(TASK DESCRIPTION): For the material below, the expected output is exactly the lines between the line holding "Taies d'oreiller plumetis" and the line holding "GEMINI VII Mission", inclusive, with pictures left out.

(DATA RECORDS):

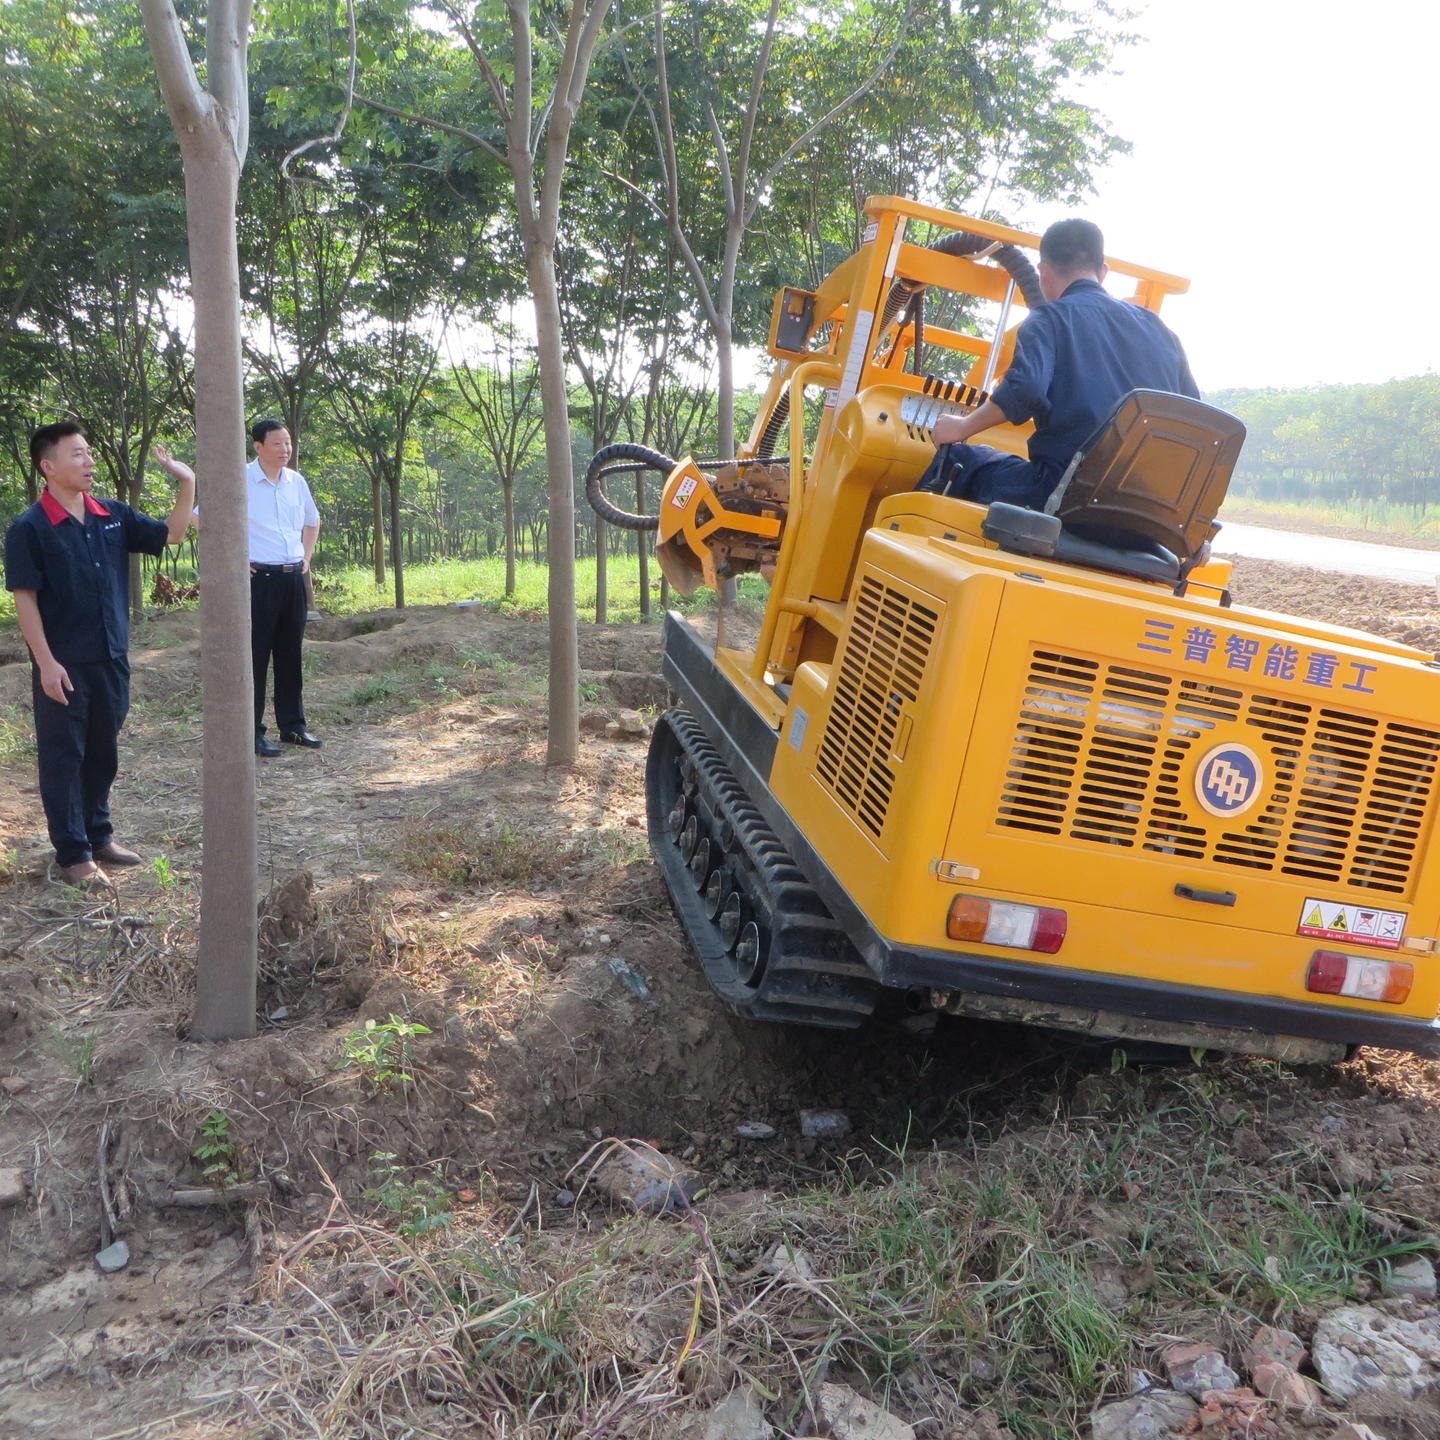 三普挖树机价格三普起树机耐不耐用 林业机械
--
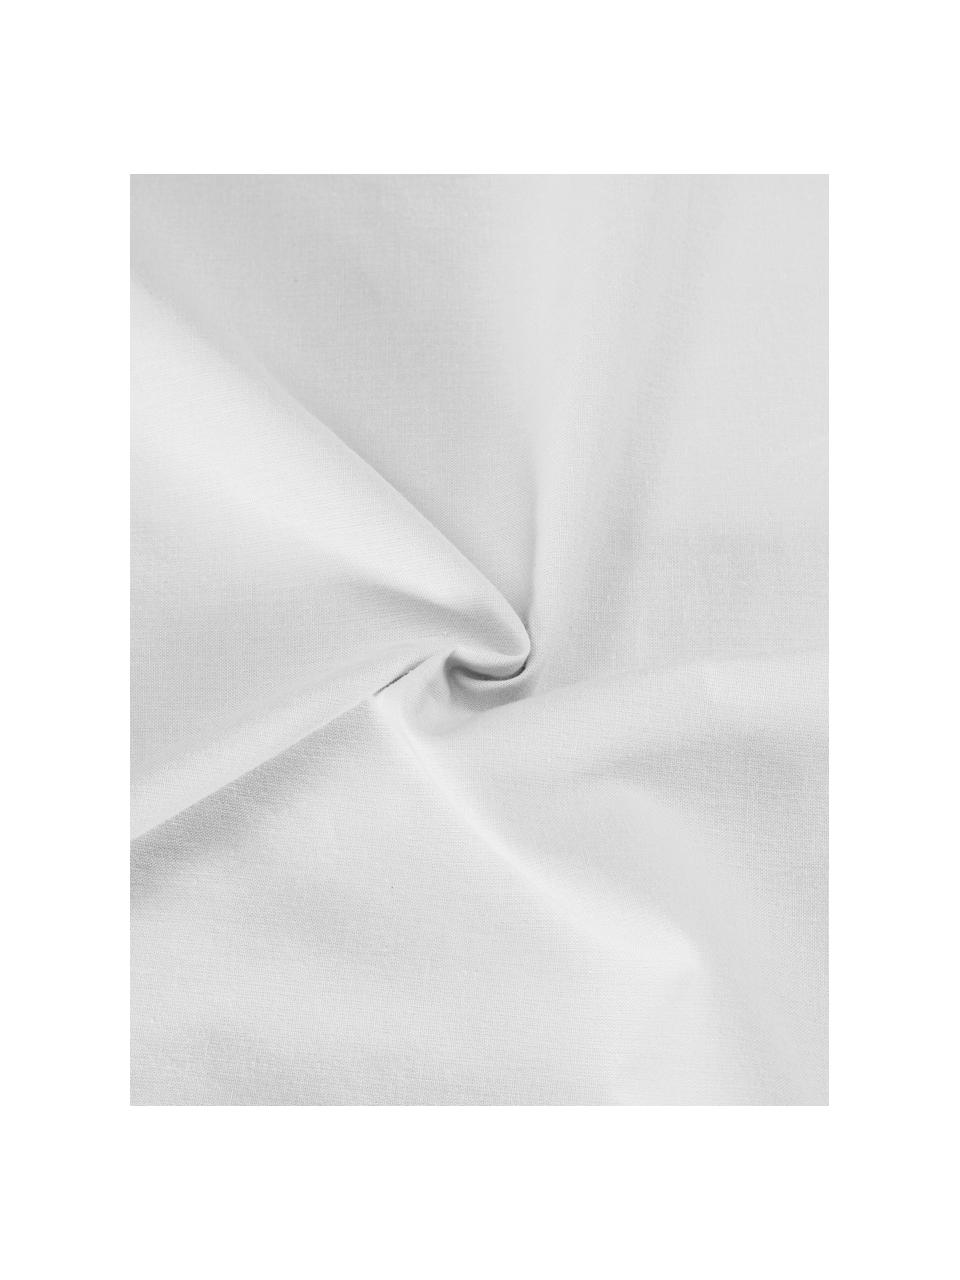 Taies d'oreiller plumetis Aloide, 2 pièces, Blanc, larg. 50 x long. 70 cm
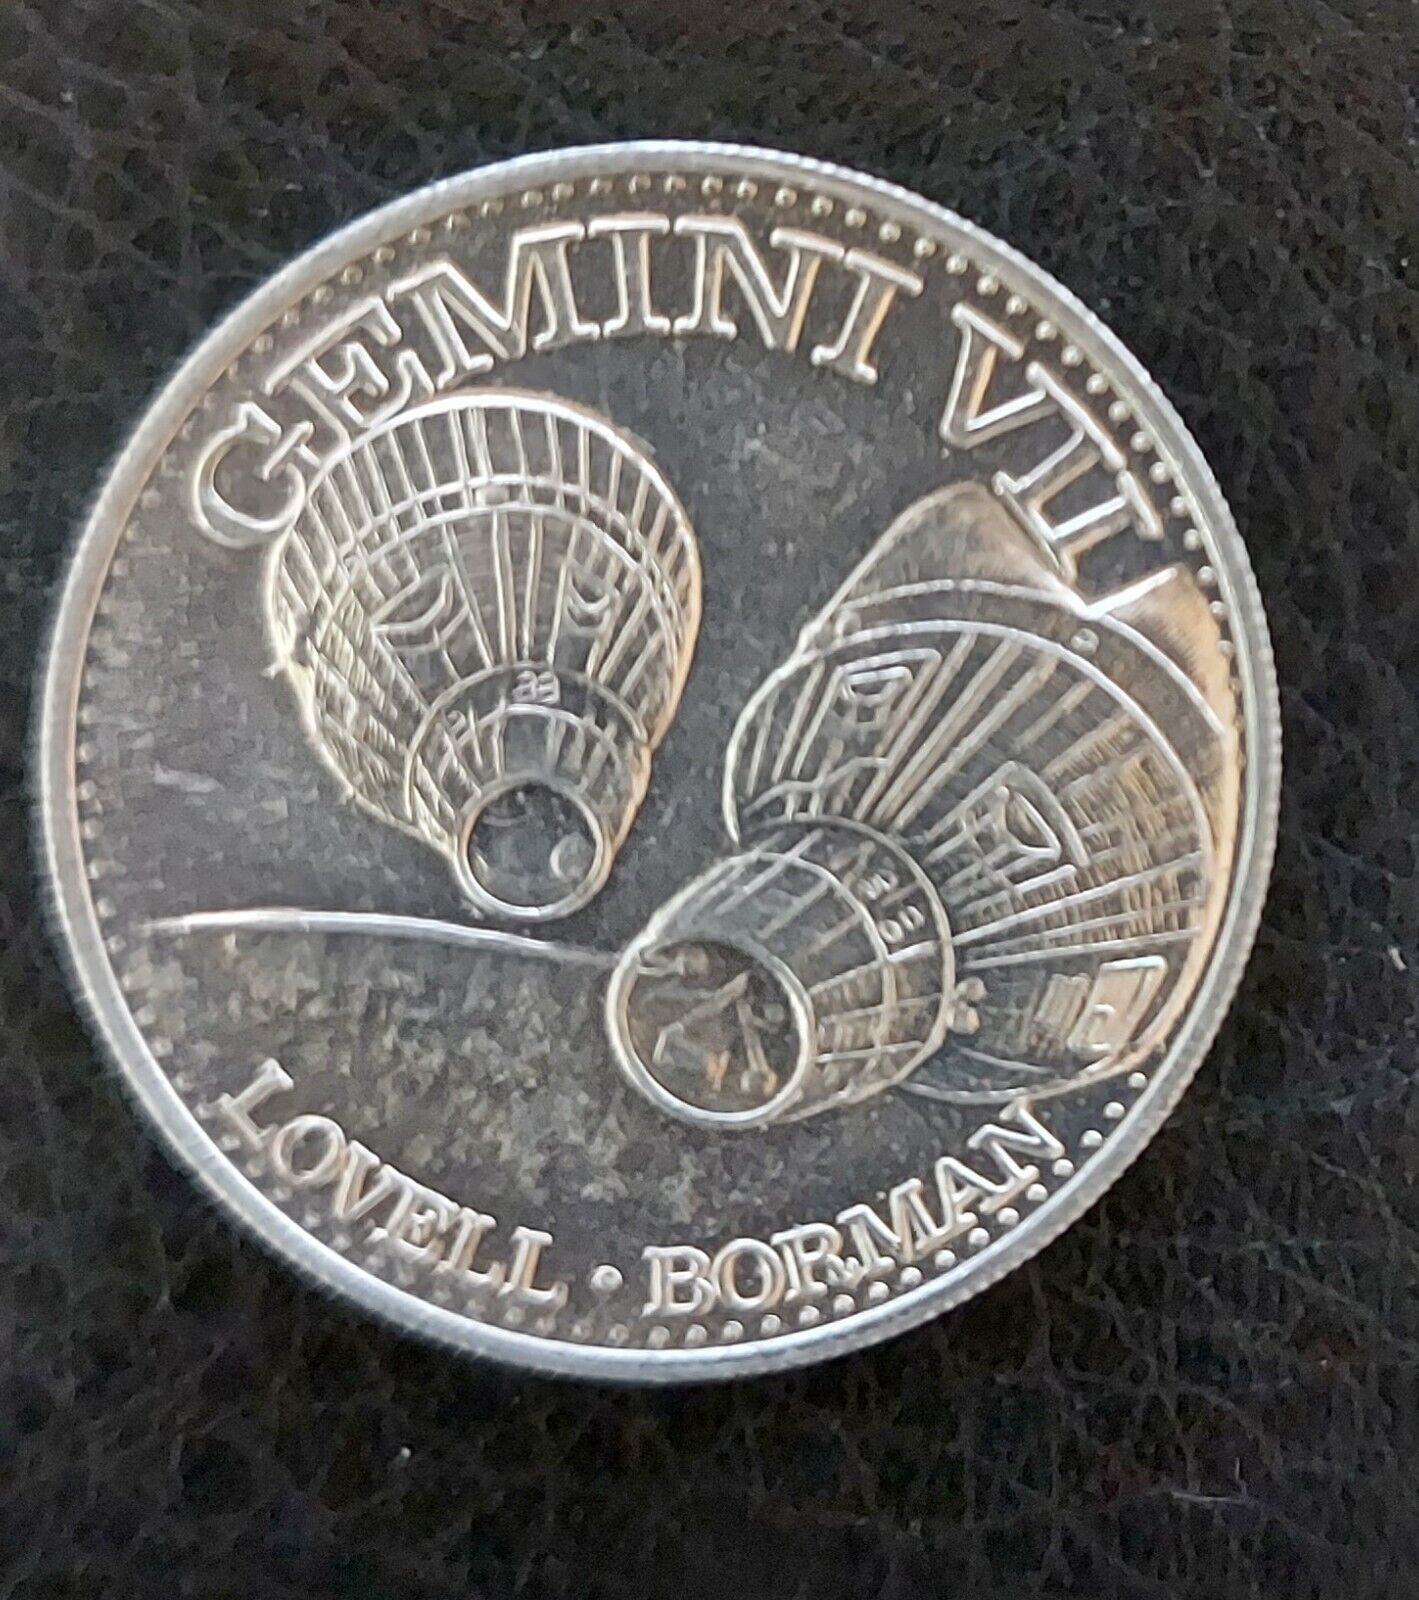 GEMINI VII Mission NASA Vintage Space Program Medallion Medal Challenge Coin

(ANSWER):
 Taies d'oreiller plumetis Aloide, 2 pièces, Blanc, larg. 50 x long. 70 cm
 GEMINI VII Mission NASA Vintage Space Program Medallion Medal Challenge Coin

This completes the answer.